やから見られた時は、嫌われてもしょうがない思うたのに。
『私、あ、会いたかったから』
『早く早く白石さんに会いたかったから……だから、待てなくて、』
りんちゃんはいつも、予想のずっと先をいってくれるから。
俺は…嬉しなるんや。
『すごい…色んなお店があるんですねっ』
あれから制服に着替え、片付けは任せたと言う皆の言葉に甘えて、りんちゃんと教室を回ることにした。
四天宝寺ならではのユニークな店を見つめながら、キラキラ目を輝かせるりんちゃん。
お祭りもやけど、こうゆう賑やかな場所が好きなんやなぁと自然と口元が綻ぶ。
白「そのカーディガンかわええな。
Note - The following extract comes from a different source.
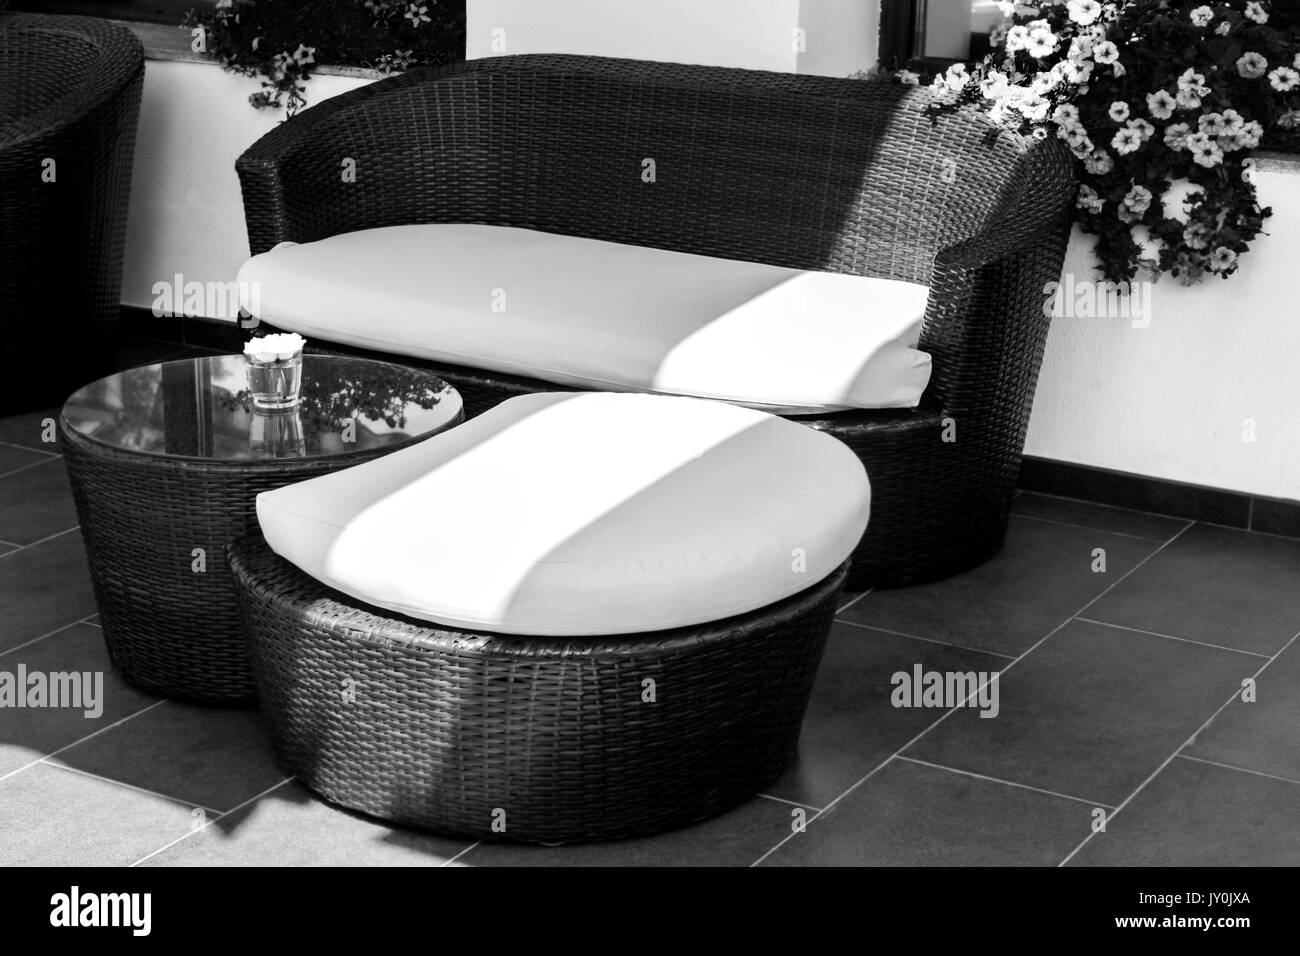 Wicker furniture in lounge area for relax at day in black and white Stock Photo

よう似合うてる」
『!あ、ありがとうございます///』
桜色のカーディガンがりんちゃんらしい。
(※何着ても似合うけど)
顔を赤くして嬉しそうに微笑んだりんちゃんは、隣で歩く俺をチラチラと見上げてきた。
『白石さんも、あの、ブレザー似合ってます…っ』
白「そうか?ありがとう」
『白石さん制服だから私も制服にしなきゃって思って、』
白「へ、何で?」
首を傾げると、『な、何でって…』とりんちゃんは更に顔を真っ赤に染める。
ようわからんけど必死に何かを伝えようとしとる姿が可愛くて、じっと見守るように待っとったら、やがてその小さな唇が動いた。
『制服デートみたいで、嬉しいからっ』
そう言って嬉しそうに笑うりんちゃんに見上げられてまえば、俺は、
白「…また、なんちゅーことを……」
『??』
ボソリと呟いた声は聞こえてないのか、未だ頬を染めながらニコニコ微笑んどるし。
俺は俺で赤なった顔を隠すように、片手で半分覆った。
越前くんはすごいわ。
この子と四六時中一緒におったら、心臓がいくつあっても足りへんのに。
込み上げてくるものを何とか落ち着かせ、隣で揺れる小さな手を自身の掌で包む。
それは俺よりずっと温かかった。
白「制服デート、やろ?」
『……!///』
りんちゃんの瞳を真っ直ぐ見て微笑むと、直ぐに逸らされる。
ギュッと強く握ったら更に慌てる姿がおもろい。
白「(…俺ばっかりこうも、悔しいもんな)」
自分の一挙一動が俺を掻き乱しとることに、りんちゃんは気付いてない。
りんちゃんに対しては嫉妬深くて、我が儘で、独占欲が強いことも…
今やって、廊下を擦れ違う度彼女を見つめる男子生徒が少し…どころやない、かなり気に食わない。
「あ、白石くん!後で教室見に行ってもええ?」
「うちらお腹空いちゃって」
白「ははっええよ、まけといたる」
隣のクラスの女の子やな、確か。
チラリと隣を見ると、直ぐに視線が絡み合った。
『白石さん、友達がいっぱいで、羨ましいです』
一瞬、胸が痛なった。
白「そんなことあらへんよ」
アホか、俺。
りんちゃんがヤキモチ妬いてくれへんことが、悲しいなんて。
真っ赤になりながらも、思っとることは伝えてくれるし、一生懸命応えようとしてくれることもちゃんとわかっとる。
好かれとるって自信もある。
せやけど、りんちゃんが俺に甘えてきたり、我が儘を言ったことは一度もない。
苦手なんは知っとるし、りんちゃんはほんまに良い子やから。寧ろ良い子すぎるくらいや。
白「(俺が、子供なんかな…?)」
直ぐに嫉妬してそれを抑え切れへんのは、俺だけなんかな。
りんちゃんは…ちゃうんやろうか。
『……白石さん?』
いつの間にか、繋いだ手を強く握っていた。